No resultó una decisión muy prudente para él, porque en el 833 el primogénito traicionó a su padre y lo apresó de nuevo. Judith fue enviada a Italia en esta ocasión, y Carlos encerrado en una abadía para iniciarlo en la vida monástica y animarlo a seguirla. 

Sin embargo, la indignación general puso en fuga a Lotario. Al conocer la noticia, los partidarios de Judith la conducen a Aix, donde se reúne con su esposo. Para lavar las calumnias de las que había sido objeto, no fue admitida en el lecho imperial hasta haber prestado juramento ante el pueblo, sobre su honor y por la fe cristiana, de que nunca había sido infiel a su esposo y que era inocente de los crímenes de los que se la había acusado. 

Mientras tanto Lotario, en su huida, había logrado apoderarse de Chalon-sur-Saône tras una batalla en la que perdía la vida otro hermano de Bernardo, Gaucelmo. La hermana de ambos, una monja llamada Gerberga, compartió su triste destino y fue arrojada al río como se hacía con los criminales. 

Denario de Lotario

A la muerte de Pipino de Aquitania a finales del 838, Ludovico entrega esta provincia a Carlos. El joven príncipe parte con su madre para tomar posesión, pero entonces reciben la noticia de que el emperador había fallecido en Metz el 20 de junio de 840. “Lotario, al conocer la muerte de su padre, inmediatamente envió mensajeros por todas partes… anunciando que vendría a tomar posesión del Imperio que su padre el emperador le había entregado, y que prometía conservar a cada uno los beneficios concedidos por su padre e incluso hallar el medio de acrecentarlos… Ordenó también que se le prestase juramento y que se acudiese a su encuentro lo más rápido posible, amenazando con la pena capital a aquellos que se negaran.” 

Durante tres años madre e hijo tratan de ganar su reino con la energía que da la desesperación. En el 842 se pronuncia el Juramento de Estrasburgo, al que sigue el tratado de Verdún al año siguiente. El tratado era la ratificación de un reparto según el cual Carlos era reconocido como rey en la parte occidental del Imperio, es decir, de Francia; Luis en la oriental, y Lotario depositario de la dignidad imperial en un territorio situado entre ambos. Se quiso así garantizar la paz a costa de la unidad del Imperio. 

Judith no vivió lo suficiente para ver culminada su obra.

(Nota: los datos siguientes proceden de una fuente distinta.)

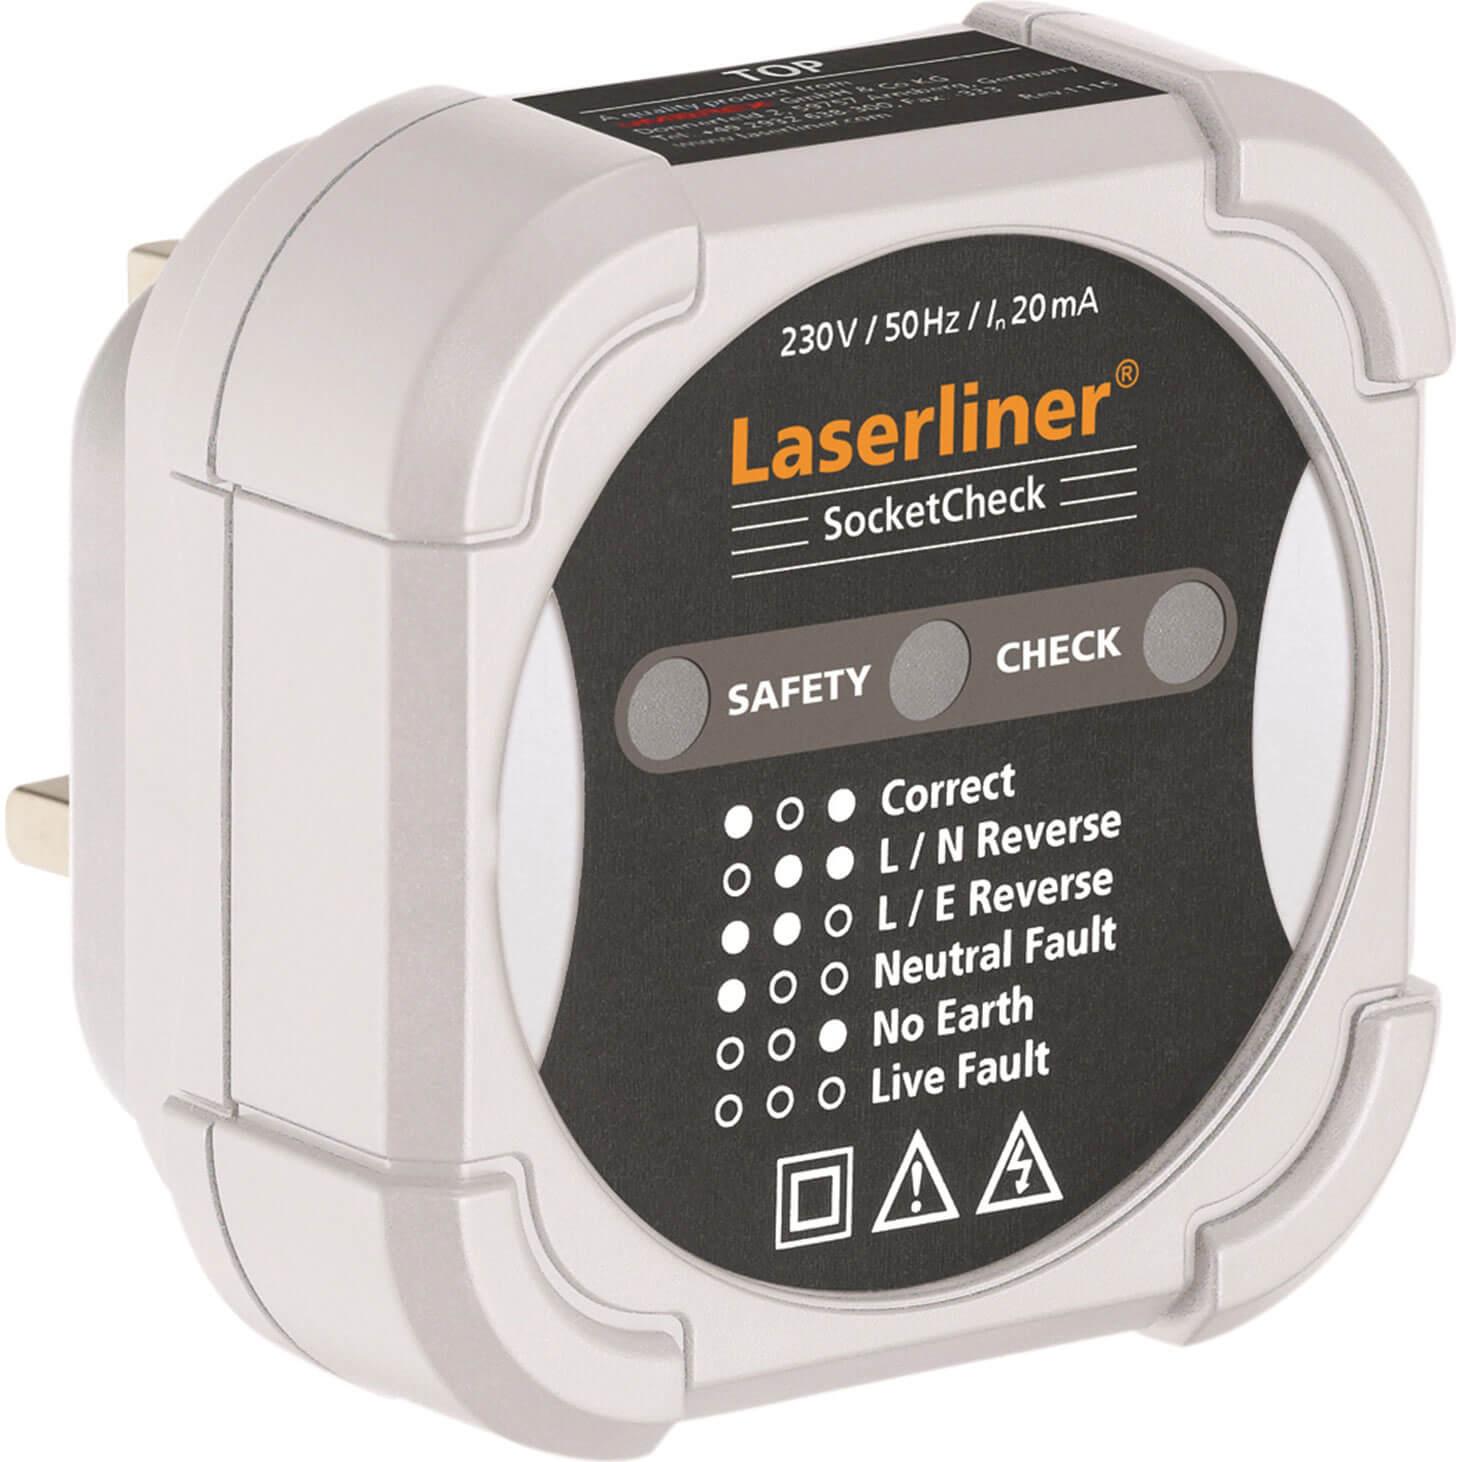 Image of LaserLiner Socket Check Quick Socket Wiring Tester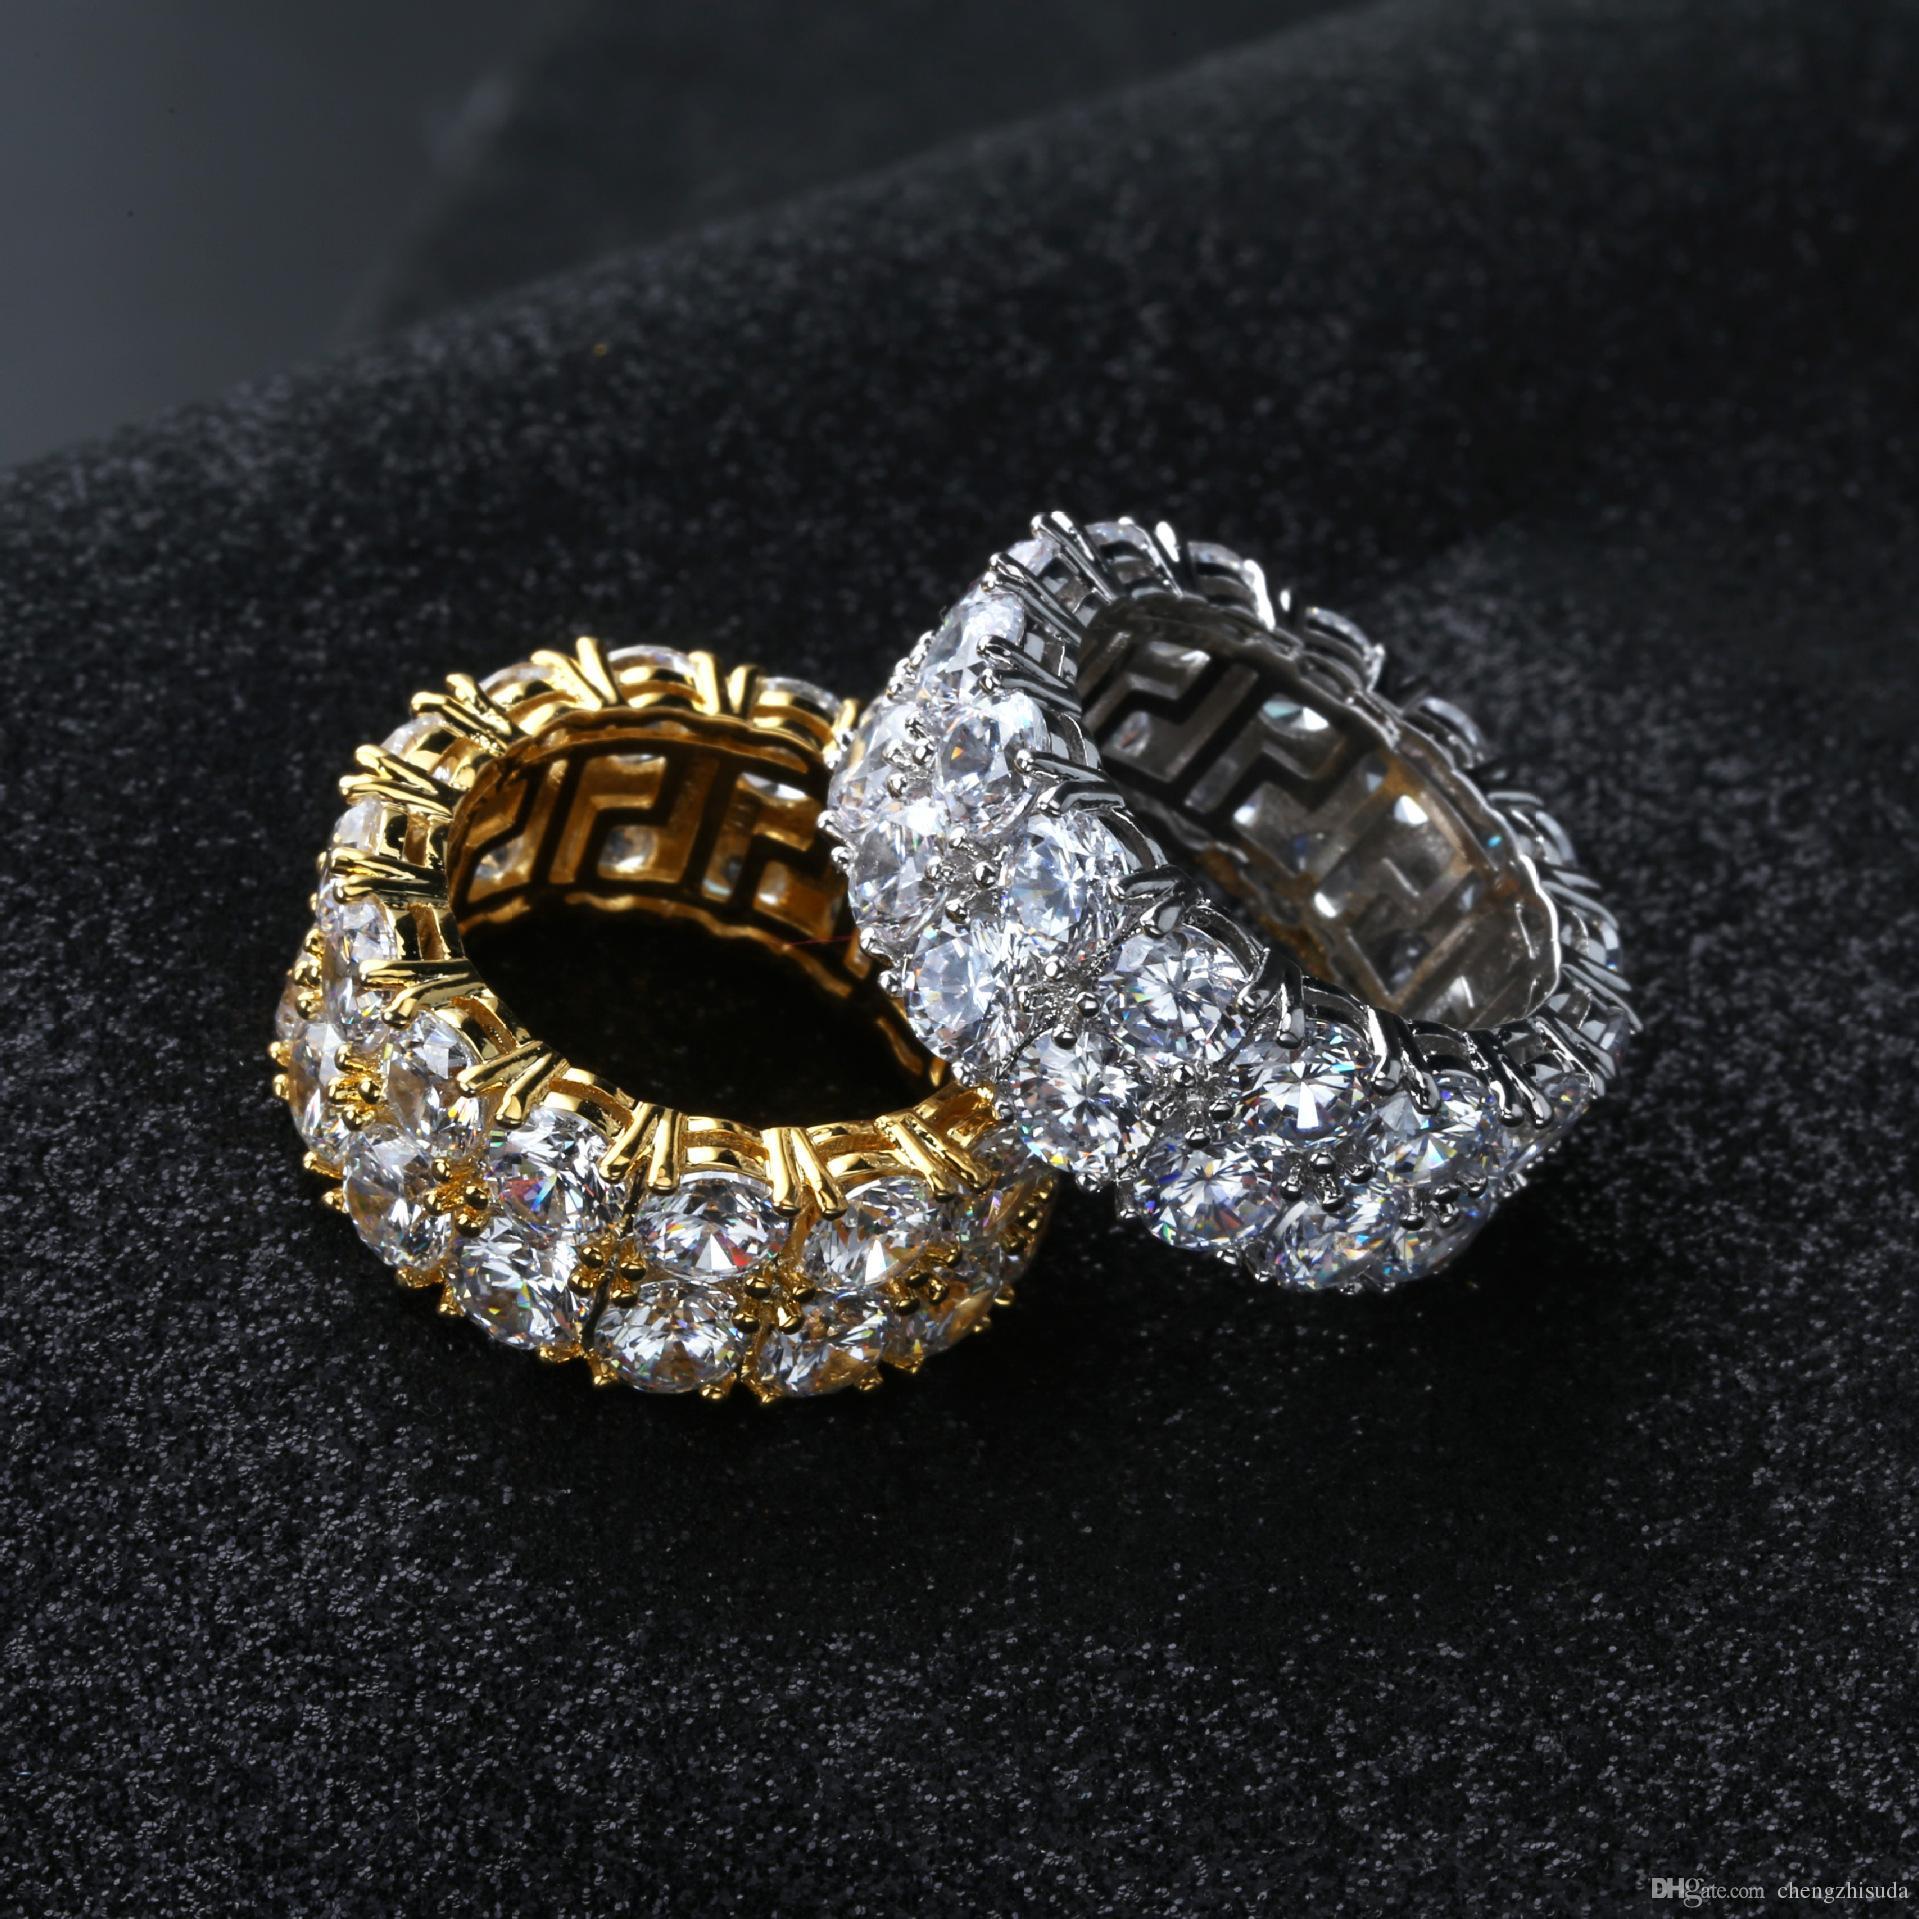 Größe 7-12 Gold Silber Micro gepflastert zwei Reihen Runde Solitaire Zirkon Ring Hip Hop Fingerring für Männer Frauen

Tras un invierno inusualmente frío y largo, envejecida por las penalidades, la emperatriz fallecía meses antes de la firma del tratado de Verdún y era enterrada en la basílica de San Martín de Tours. Nunca supo que 30 años más tarde su hijo, Carlos el Calvo, llegaría a ser emperador de Occidente. Tampoco que un día no muy lejano Carlos haría decapitar a Bernardo de Septimania. Pero eso es otra historia.

17 comentarios:

  1. Que lios de familia... pero al final el hijo de Judith llegó a emperador, algo que parece que no entraba en las quinielas de la emperatriz que se contentaba con un reino...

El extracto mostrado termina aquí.